In this blog post we're going to setup Argo CD on a Kubernetes cluster. We'll install it with Helm, create an application to use the app-of-apps pattern, set Argo CD up so that it can update itself, and install Prometheus via Argo CD as an example.

All files mentioned in this blog post are available in a Git repository on GitHub.

What is Argo CD?

Argo CD is a GitOps tool to automatically synchronize the cluster to the desired state defined in a Git repository. Each workload is defined declarative through a resource manifest in a YAML file.
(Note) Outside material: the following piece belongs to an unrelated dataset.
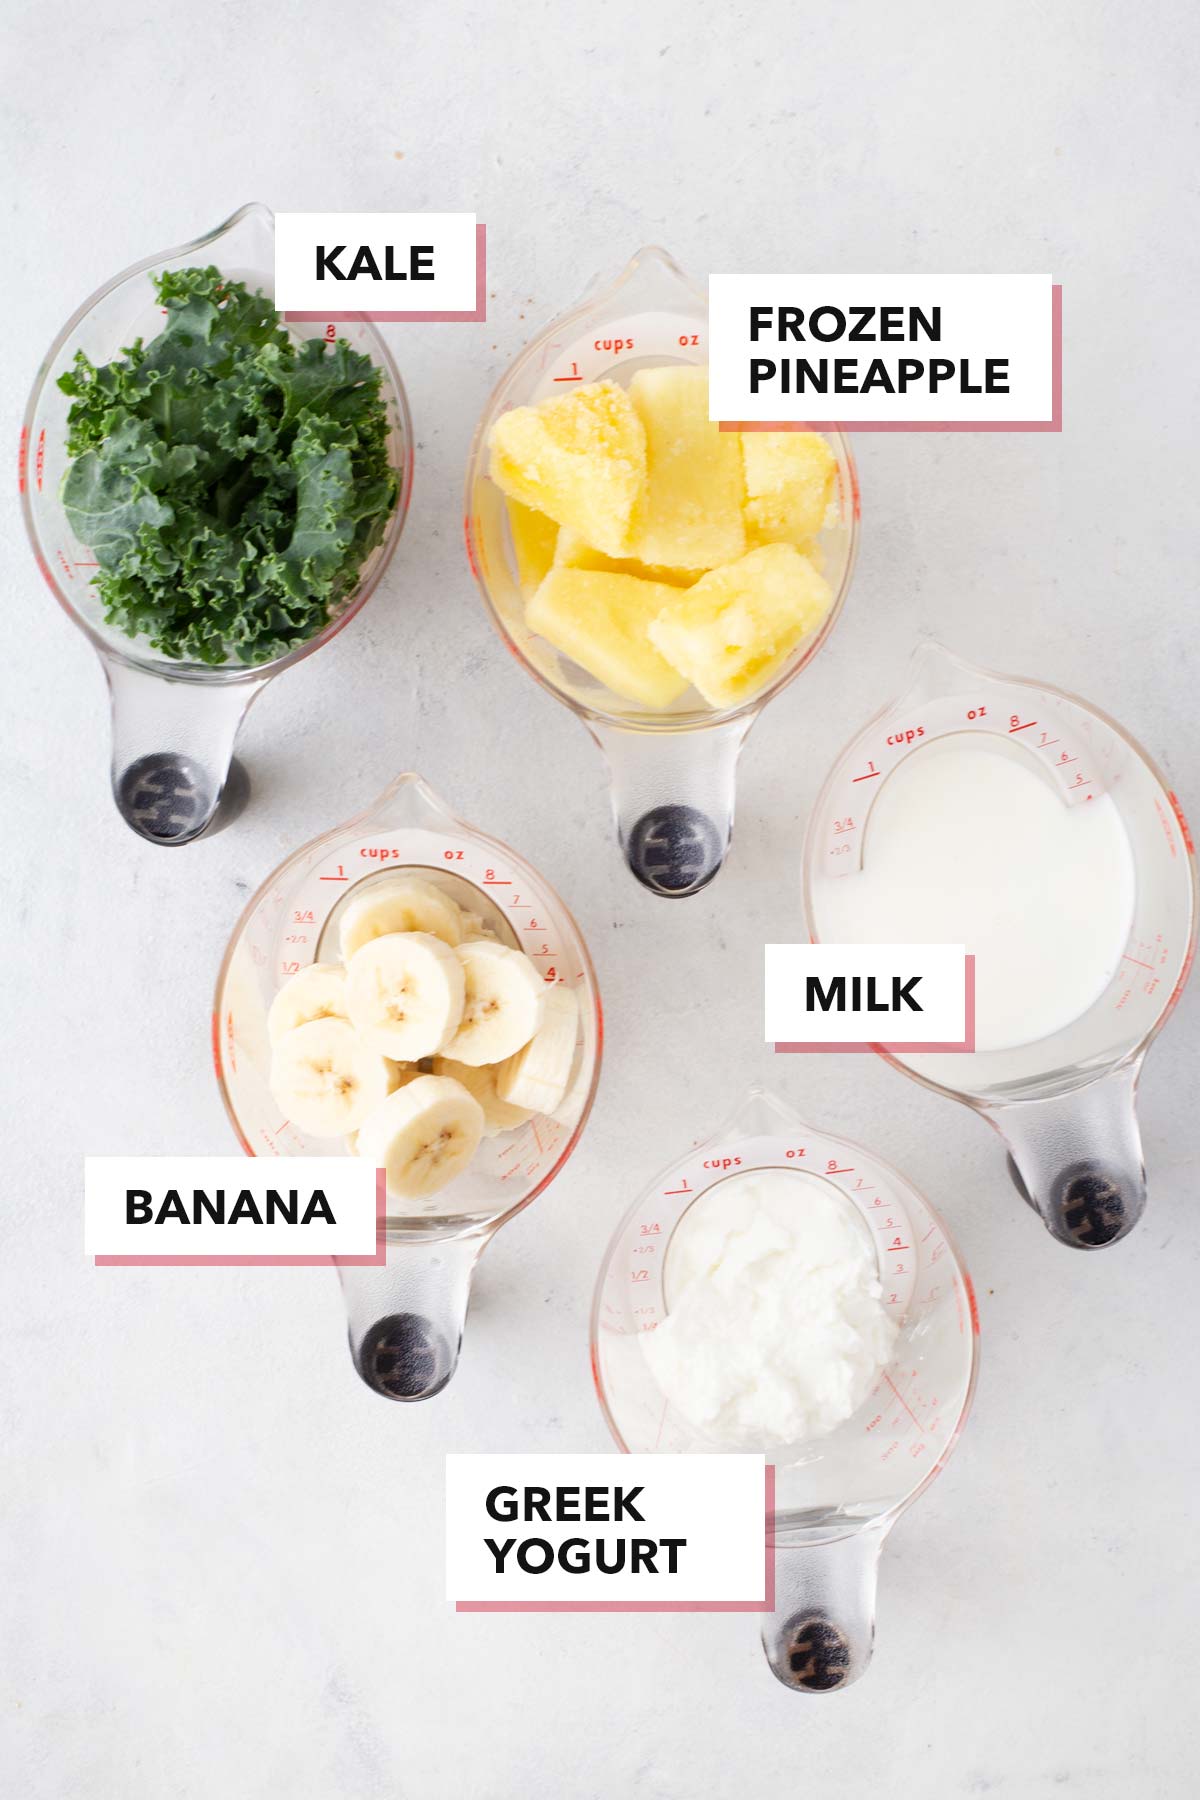 Ingredients for a kale pineapple smoothie on a table.

Argo CD checks if the state defined in the Git repository matches what is running on the cluster, and synchronizes it if changes were detected.
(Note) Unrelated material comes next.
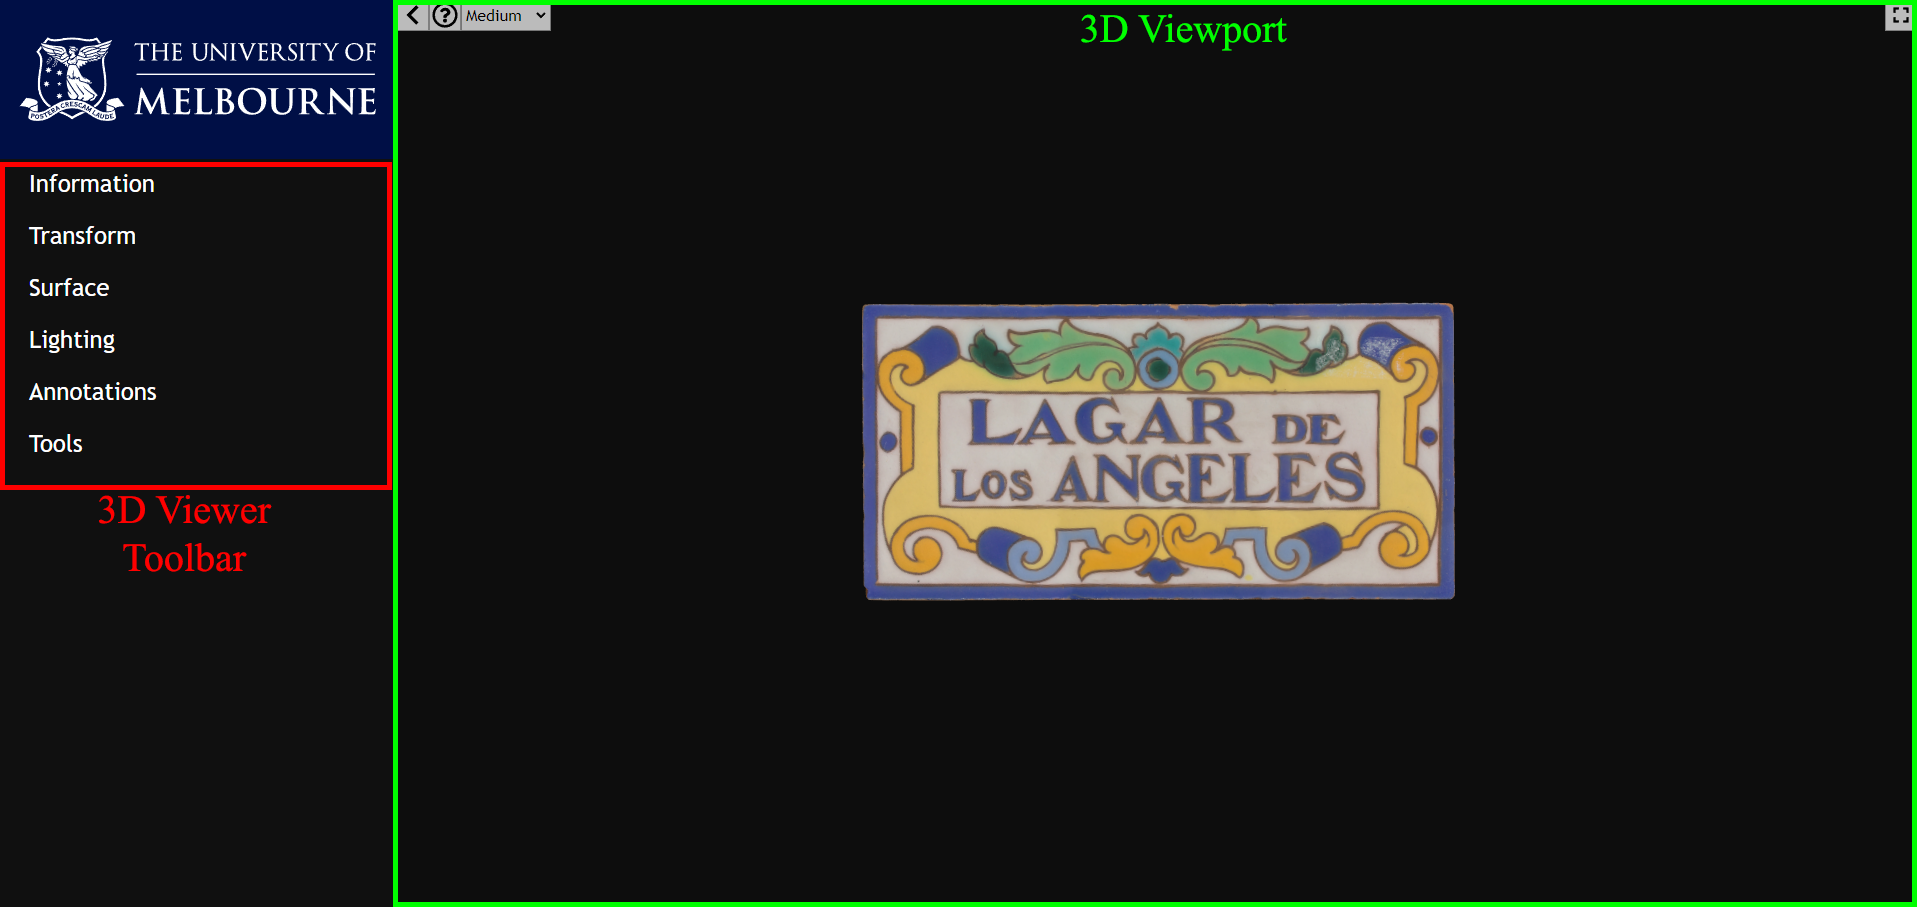 Position of 3D Viewer Toolbar and 3D Viewport indicated in Pedestal 3D interface

For example, instead of manually running CLI commands to update Kubernetes resources with kubectl apply or helm upgrade, we update a YAML files that we then commit and push to our Git repository. Each workload is described in an Application manifest. Argo CD periodically checks resources that are defined in the manifest for changes, and will automatically synchronize them with the ones that are running on our cluster.
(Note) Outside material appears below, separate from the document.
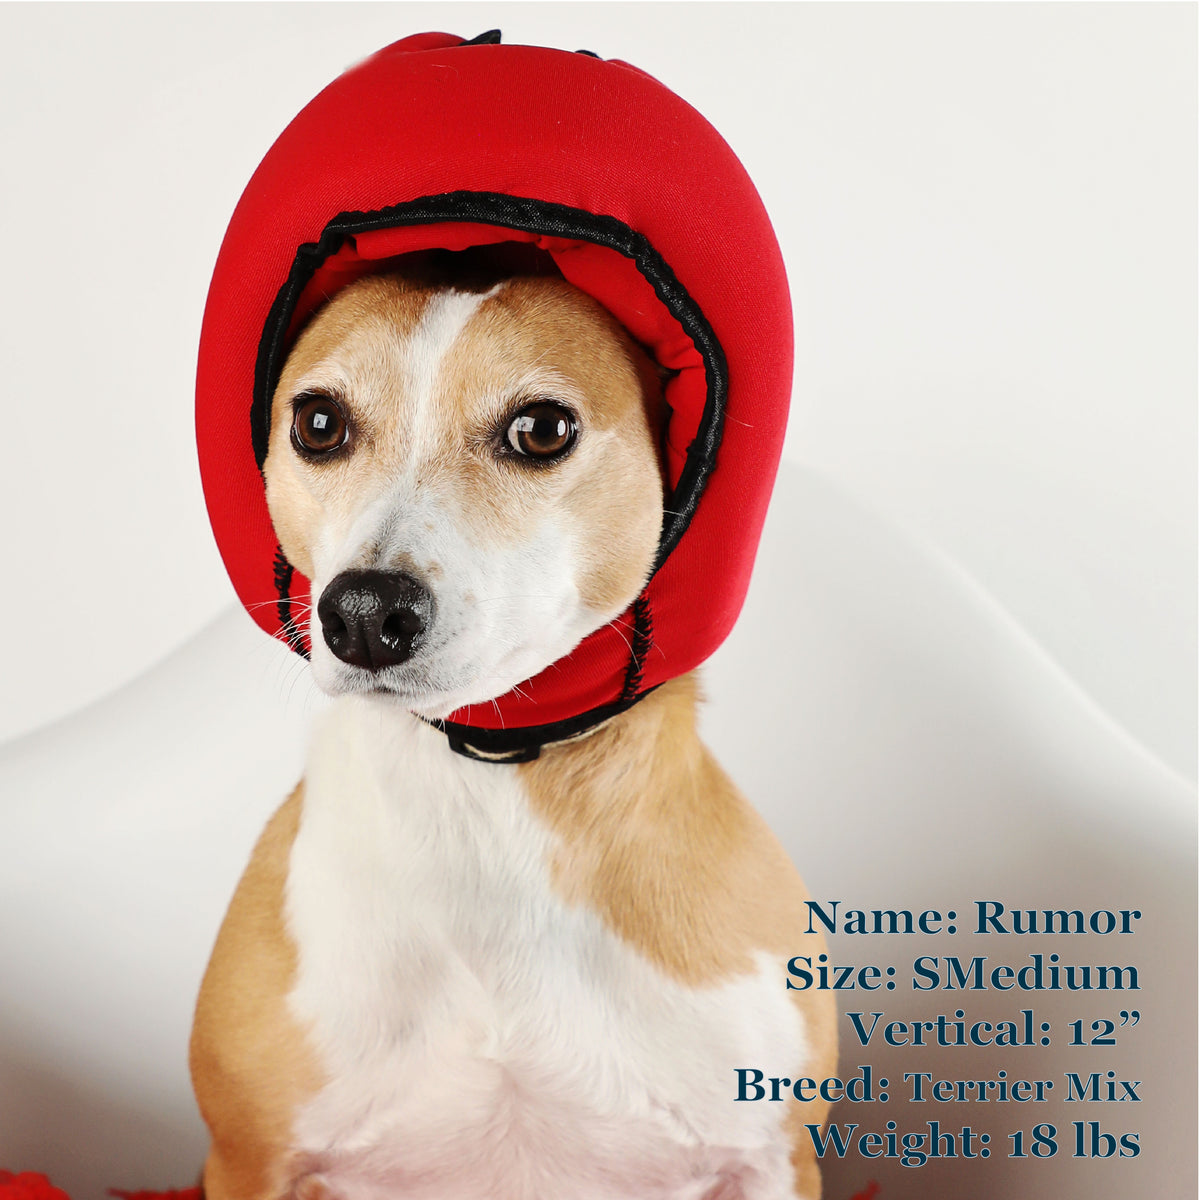 Rumor is a Terrier Mix in a SMedium Red PAWNIX Noise Cancelling Headset for dogs

A connection to the cluster, either from the developer's laptop or from a CI/CD system, is no longer needed because changes are now pulled from the Git repository by a Kubernetes operator that's running inside the cluster.

Requirements

To follow this tutorial, you'll need the following:

• A Kubernetes cluster (1.28)
• kubectl (1.28)
• Helm (3.13)
• A public git repository (for Argo CD to pull the manifests)

Our application manifests will be stored in a public Git repository. For this tutorial I'm using GitHub, but this can be any public Git repository, and GitLab, Gitea, etc. work just as well.

Creating a custom Helm chart

We'll use Helm to install Argo CD with the community-maintained chart from argoproj/argo-helm. The Argo project doesn't provide an official Helm chart.

Specifically, we are going to create a Helm "umbrella chart". This is basically a custom chart that wraps another chart. It pulls the original chart in as a dependency, and overrides the default values. In our case, we create an argo-cd Helm chart that wraps the community-maintained argo-cd Helm chart.

Using this approach, we have more flexibility in the future, by possibly including additional Kubernetes resources. The most common use case for this is to add Secrets (which could be encrypted using sops or SealedSecrets) to our application. For example, if we use webhooks with Argo CD, we have the possibility to securely store the webhook URL in a Secret.

To create the umbrella chart, we make a directory in our Git repository:

$ mkdir -p charts/argo-cd

Then place a Chart.yaml file in it:

charts/argo-cd/Chart.yaml

apiVersion: v2
name: argo-cd
version: 1.0.0
dependencies:
  - name: argo-cd
    version: 5.46.8
    repository: https://argoproj.github.io/argo-helm

The version of our custom chart doesn't matter and can stay the same. The version of the dependency matters and if you want to upgrade the chart, would be the place to do it. The important thing is that we pull in the community-maintained argo-cd chart as a dependency. Next, create a values.yaml file for our chart:

charts/argo-cd/values.yaml

argo-cd:
  dex:
    enabled: false
  notifications:
    enabled: false
  applicationSet:
    enabled: false
  server:
    extraArgs:
      - --insecure

To override the chart values of a dependency, we have to place them under the dependency name. Since our dependency in the Chart.yaml is called argo-cd, we have to place our values under the argo-cd: key. If the dependency name would be abcd, we'd place the values under the abcd: key.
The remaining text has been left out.